21日から発熱と咳の症状が現れました。ルームメイトが一週間前からインフルエンザに罹患していたため、うつされたのだと思いました。幸い、シンガポールに来る前に大正風邪薬を準備していたので、すぐに服薬しました。ルームメイトにも薬を分けてあげたため、私の手元には3日分しか残っていませんでした。3日目には熱は下がったものの、喉に痰が絡み、ひどい咳と呼吸困難に見舞われました。呼吸が苦しくてほとんど眠れず、精神的にもかなり参ってしまいました。ところがその日は金曜日で、クリニックが開いているかわからず、保険証に記載された番号にも繋がりませんでした。そこで月曜日まで待ってCampus Asiaの事務所に連絡したのですが、その頃には咳のし過ぎで喉が腫れ上がり、まともに話すこともできない状態でした。大学のサポートで保険医療サービスを利用することになり、保険会社が最寄りのクリニックを紹介してくれ、タクシーでの受診を勧められました。
紹介されたクリニックは日本風の医院で、スタッフもシンガポール人医師も日本語が話せるため、とても心強く感じました。医師はCOVID-19、マイコプラズマ、ウイルス検査を実施しましたが、すでに服薬してから約7日が経過していたためか、全て陰性でした。そこで血液検査を行い、呼吸器の細菌感染として治療することになりました。ところが処方薬を服用しても症状は改善しませんでした。夜横になると気道が狭窄する感じがして、息を吸うことと吐くことを同時に行うのが非常に困難でした。日本では、このような場合、医師は気管支拡張薬を処方し、同じ効果のある貼り薬も併用して患者の呼吸を楽にしてくれます。しかしシンガポールにはそうした薬がないようでした。医師に相談しても、気管支拡張薬の処方には消極的でした。やむを得ず寮に戻り、自分の免疫力に頼るしかありませんでしたが、その夜も眠ることができませんでした。
数日間まともに眠れず、精神的に限界に達していたため、再度病院を受診しました。医師が毎回あまり意味のない検査ばかりするのは、保険制度と関係があるのではないかと気づきました。そこで3回目の受診時、医師に率直に要求を伝えました:「今日はどんな検査でも協力しますが、気管支拡張薬を処方していただきたい。もしいただけないなら、自分でマレーシアのジョホールバルまで買いに行きます」。その結果、血中酸素濃度の測定やその他の検査を経て、ようやく希望する薬を処方してもらえました。その夜は症状が大幅に改善し、ぐっすり眠ることができました。
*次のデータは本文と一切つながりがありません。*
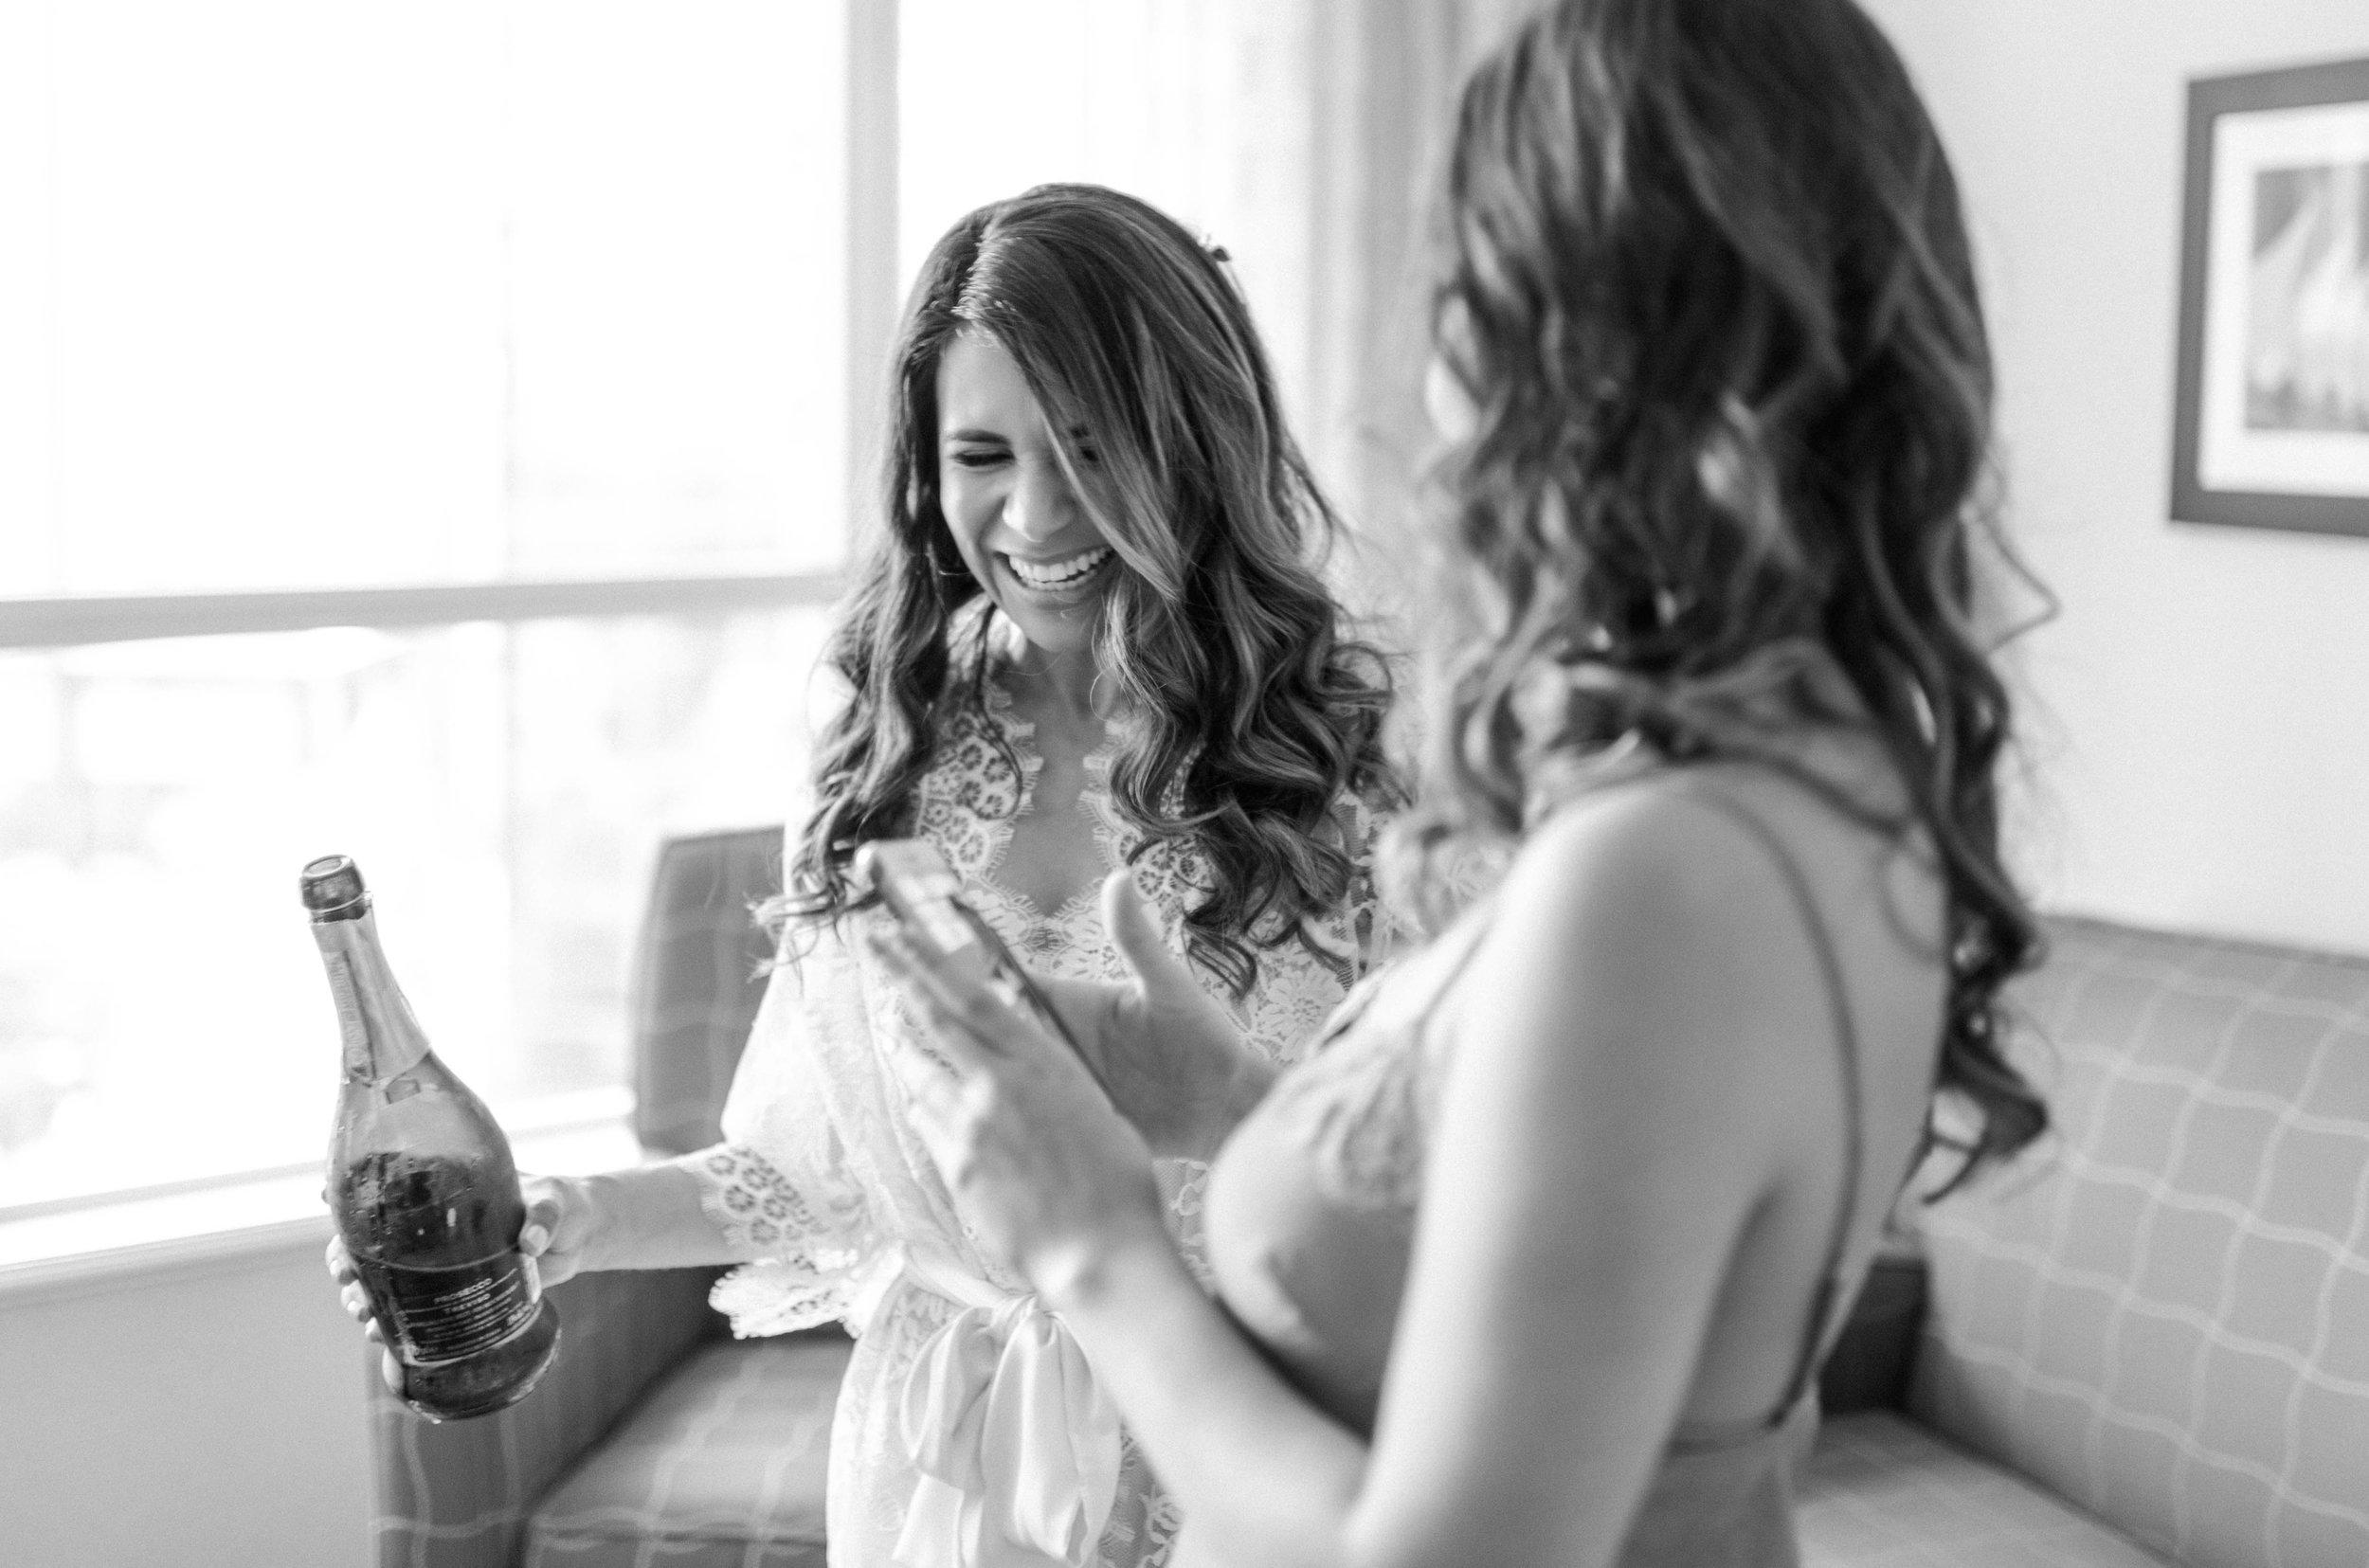 austin-texas-wedding-photography-1778-photographie-10.jpg

ただし咳は依然として続いており、主な原因は後鼻漏と喉に溜まった大量の分泌物でした。処方された薬を詳しく調べてみると、第一世代の抗ヒスタミン薬と2種類の去痰薬でした。日本では花粉症患者が多いため抗アレルギー薬の開発が進んでおり、通常は第二世代や第三世代の薬剤を使用します。処方された第一世代の薬は私には効果がありませんでした。また、去痰薬の一つであるレフトースは、日本では臨床的に無効として販売中止になった薬剤でした。もう一つの去痰薬は効果的でしたが、医師に相談したところ、適切な用量での処方を拒否されました。ところがこの薬は市販薬であることがわかったので、頻繁に通院するのも面倒だと思い、自分で薬局に買いに行き、規定用量で3日間服用したところ、咳はほぼ治まりました。
まとめ
今回の受診経験から、シンガポールは日本と同様に効率的な段階的医療制度を採用していますが、日本が専門特化した一次診療所中心であるのに対し、シンガポールは総合診療所が中心という違いがあります。これにより、医師が特定の疾患分野に精通することが難しくなる傾向があります。そのため、シンガポールで病気になった場合は、医師との対話において自分のニーズを明確に伝えられるよう、事前に関連する処方薬について調べておくことをお勧めします。
また、私の経験が特例かどうかはわかりませんが、処方された薬の多くが市販薬レベルで、日本での使用状況とも違いがあったため、万が一に備えて日本の薬を多めに持参することをお勧めします。さらに、日本人向けのクリニックの中には年中無休のところもあるため、医療ニーズが生じた際は平日を待つ必要はなく、いつでも保険会社に連絡可能です。最後に、日本人医師のいるクリニックもあることがわかったので、保険会社に日本人医師の診察を要求することもできます。日本人医師の方が日本国内の薬事情に精通しており、より適切な治療を受けられる可能性があります。
今後のCampus Asiaの学生の皆さんが医療サービスを利用する事態に遭遇しないことを心から願っています。
添付した写真は診療所の隣にあった広告で、面白いと思って撮影しました。海外でも塾に通って勉強するんですね。